# A little different project...



## Russell Eaton (Sep 1, 2011)

I turned this for a contest on a different forum. It has a cherry base, holly legs, box elder body with cherry rim, and 2 cherry finials. It has a spray lacquer finish. Comments are welcome...   Russell


----------



## NHProFF (Sep 1, 2011)

Amazing... This piece looks like it should be on a multi million dollar yaht somewhere.


----------



## Glenn McCullough (Sep 1, 2011)

Absolutely spectacular!!! May I ask what other forum?


----------



## PenMan1 (Sep 1, 2011)

BRAVO, Buon amico! Magnifico. Sembra meglio di fine art italiana!

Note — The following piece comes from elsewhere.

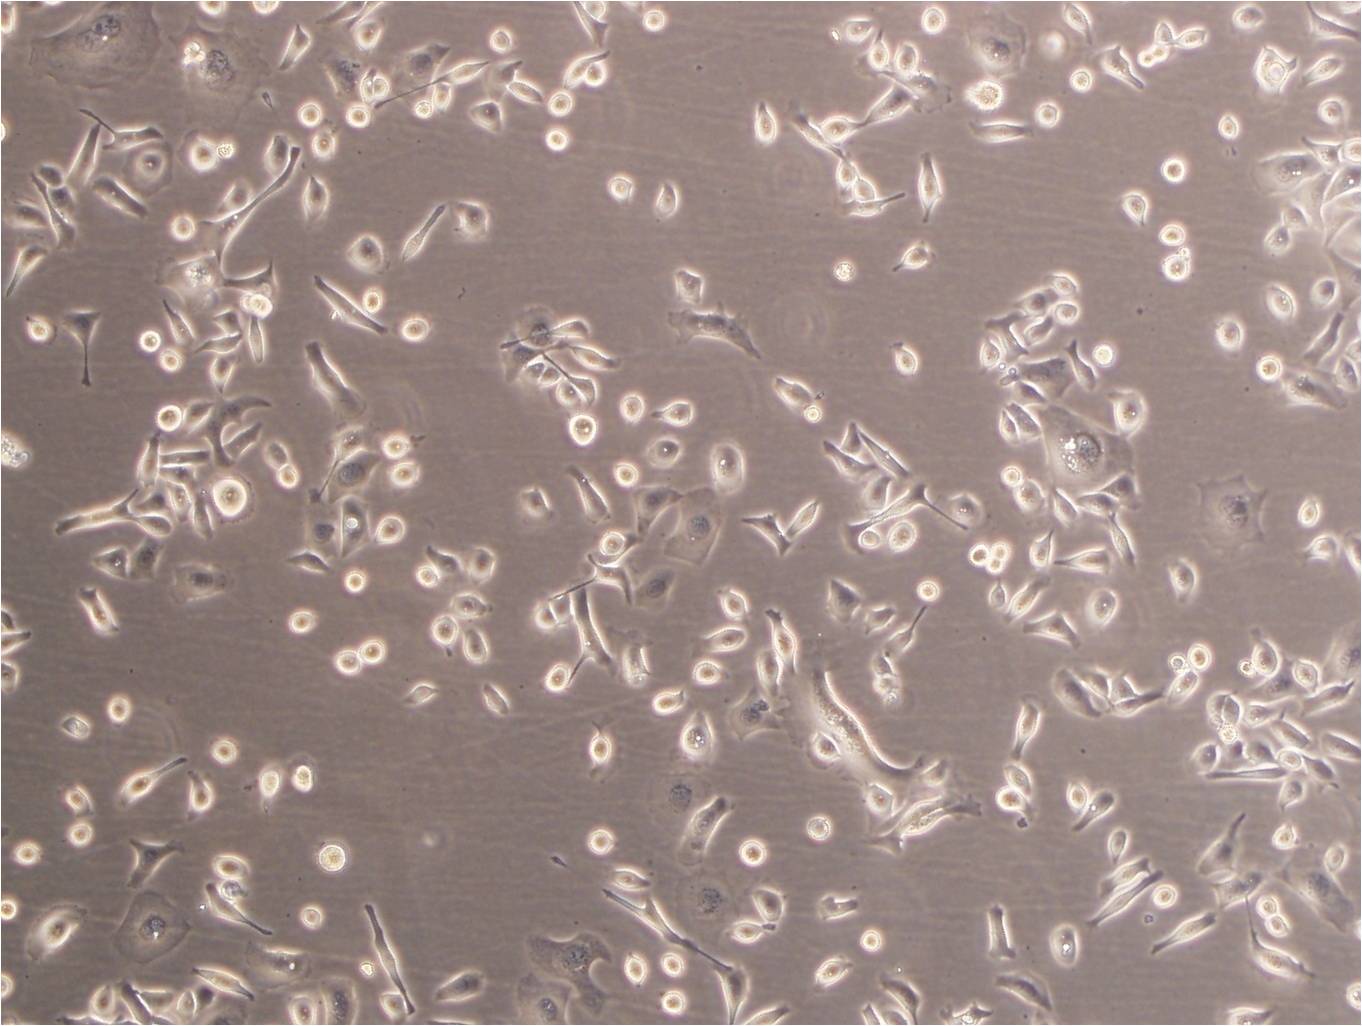 SW1271 epithelioid cells人肺腺癌细胞系,SW1271 epithelioid cells

In case you can't understand my accent, since your family moved to the big city:

Well done, it is fine art!!!!

I can't wait to see this, CLOSE UP!


----------



## Jim15 (Sep 2, 2011)

Awesome work. Hope you win.


----------



## Russell Eaton (Sep 2, 2011)

Glenn it is at the Woodturners America forum. This piece tried to get the best of me. I turned 8 finials for the top, only to glue one on have a "incident" and it break. Then back to the drawing board. Thanks for the comments.  Russell


----------



## Steve Busey (Sep 2, 2011)

You continue to amaze, Russell - well done!


----------



## OLDMAN5050 (Sep 2, 2011)

WOW............................


----------



## Turned Around (Sep 2, 2011)

amazing piece. great work


----------



## glycerine (Sep 2, 2011)

wow, very nice work Russell!


----------



## workinforwood (Sep 2, 2011)

Looks super, I wish you the best of luck!


----------



## RWL5420 (Sep 5, 2011)

WOW... that is beautiful


----------



## Jeff G (Sep 5, 2011)

gorgeous work! may i ask what spray laquer you use? and how it is applied, do you buff after?
Thanks
JeffG


----------



## bitshird (Sep 5, 2011)

Beautiful Piece Russell, are you going to bring that to the Turning Southern Style week after next?? It sure would look nice in the Instant Gallery!!!


----------



## Russell Eaton (Sep 5, 2011)

Ken if I bring that out of the house I may be looking for a new place to live. I gave it to my wife....nuf said. 
 Jeff the lacquer is spray Deft gloss. I got it from LOWES. I can't find it at H.D. and the price is about 6$ a can. I put on 3 coats, let sit for a day then sanded with 600 grit. Then applied 1 more coat. I did not buff, it was too fragile and I was tired of making replacement pieces...LOL


----------



## kenspens (Sep 5, 2011)

*saaaaaaaaahhweeeeeeet!!!! nice job*

fantastic job  great lines and nice choice of woods with a great finish!!
ken:biggrin:

kenspens


----------



## ahoiberg (Sep 5, 2011)

that is a real beauty, thanks for sharing.


----------



## Rangertrek (Sep 6, 2011)

I was just at the SWAT meeting in Waco and your piece was by far better than anything I saw on display.   Excellent!!


----------



## reddwil (Sep 7, 2011)

All I can say is WOW, Hope you Win or Won!!


----------



## Mrs Rojo22 (Sep 28, 2011)

Beautiful!

Robin


----------